I have some questions involving in the answer of the question in this link.
The excerpts said that the convergence $$\binom{n}{k}p^kq^{n-k}\sim\dfrac{1}{\sqrt{2\pi npq}}e^{-x_k^2/2},$$ is uniform with respect to $k$. What is "with respect to $k$" means? Why is it uniform? I am confused with this because we have a uniform convergent sequence like $f_n(x)=x^n/n$ for $x\in(0,a)$ with fixed $a<1$. Do we have that this $x^n/n$ converges uniformly with respect to $x$ or what is it actually?
How can we show that this statement means that the left hand side converges uniformly? Since $k$ depends on $n$ in the sense that $n\rightarrow \infty$ and so does $k$ as in $(7.3.14)$. This really confuses me as the example $f_n(x)$ an $x$ and $n$ are independent. The uniform convergence concerns $2$ variables in function?

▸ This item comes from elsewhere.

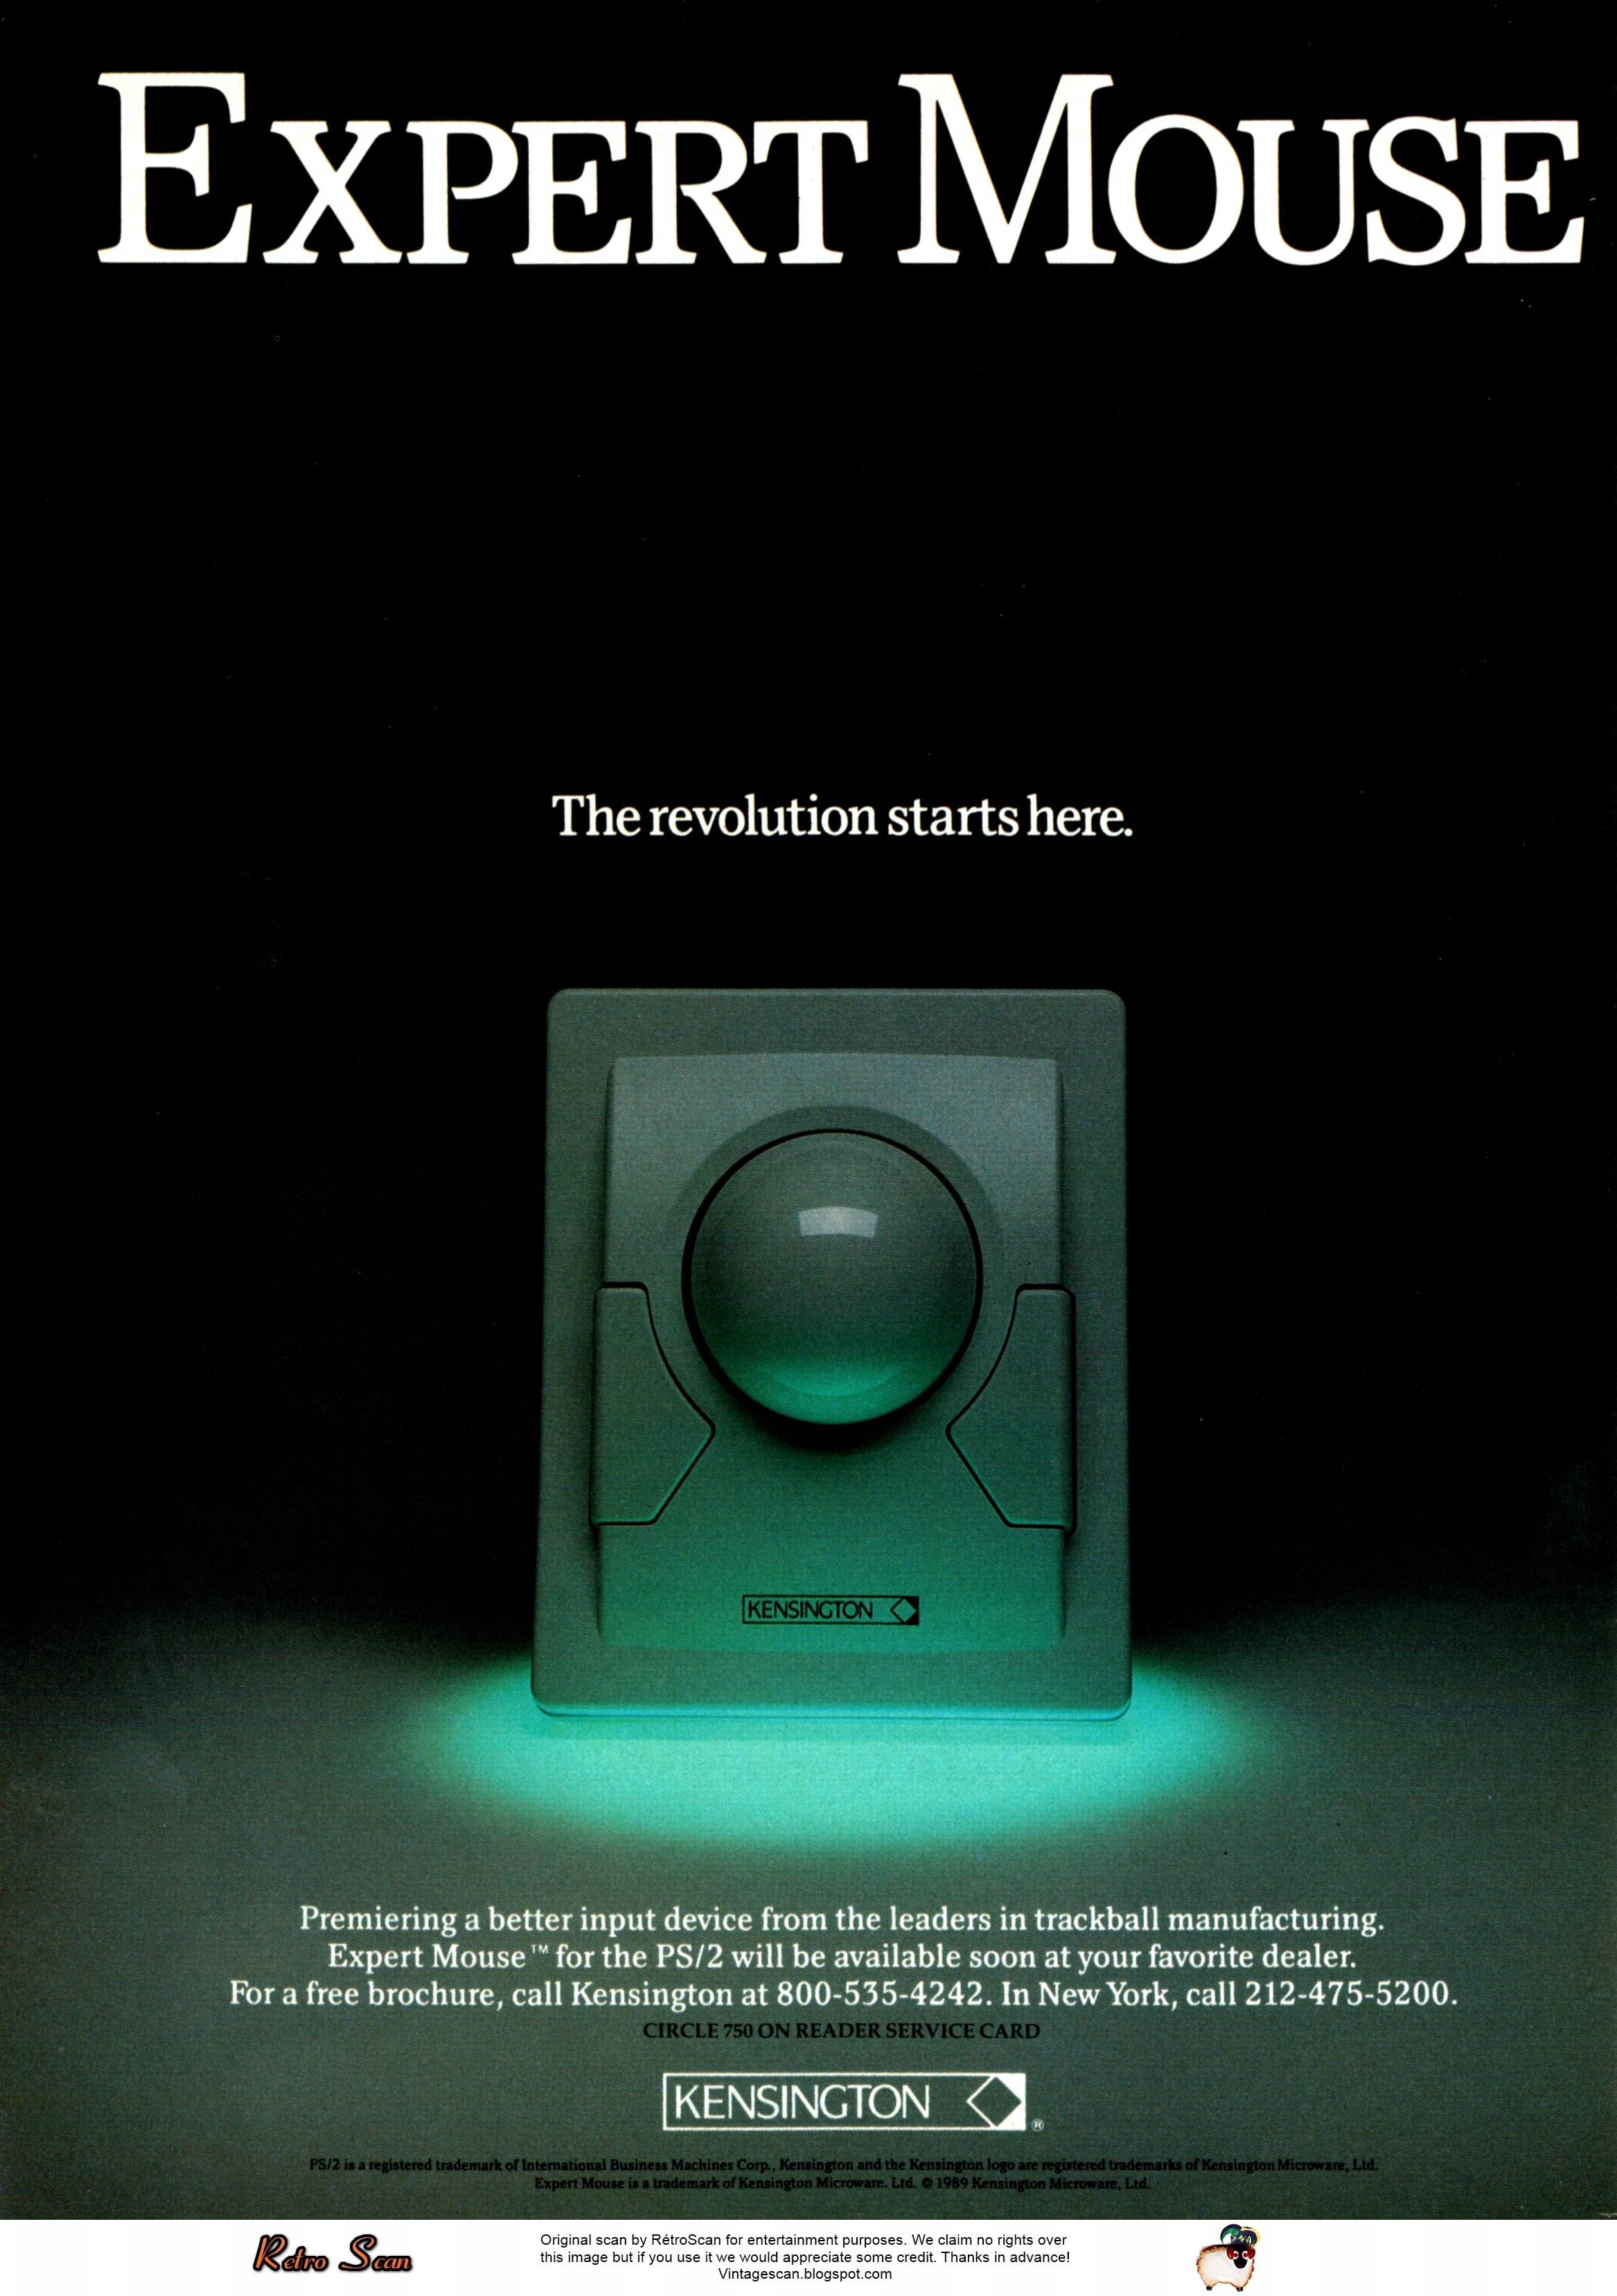 Kensington Expert Mouse 1989 ad

Furthermore, the uniform thing here is important as we can calculate the right in the sum $$\sum_{a< x_k\le b}\dfrac{1}{\sqrt{2\pi npq}}e^{-x_k^2/2}$$ instead of the left one (to prove $\int e^{-x^2/2}dx$ things)? It seems make sense (if it is uniform?) that the uniform summand can be exchanged between limit (of its asymptotic) and integral (in the range $(a,b)$) and we can obtain the result $(7.3.19)$. Please forgive my stupidities and thank you for your reply in advance.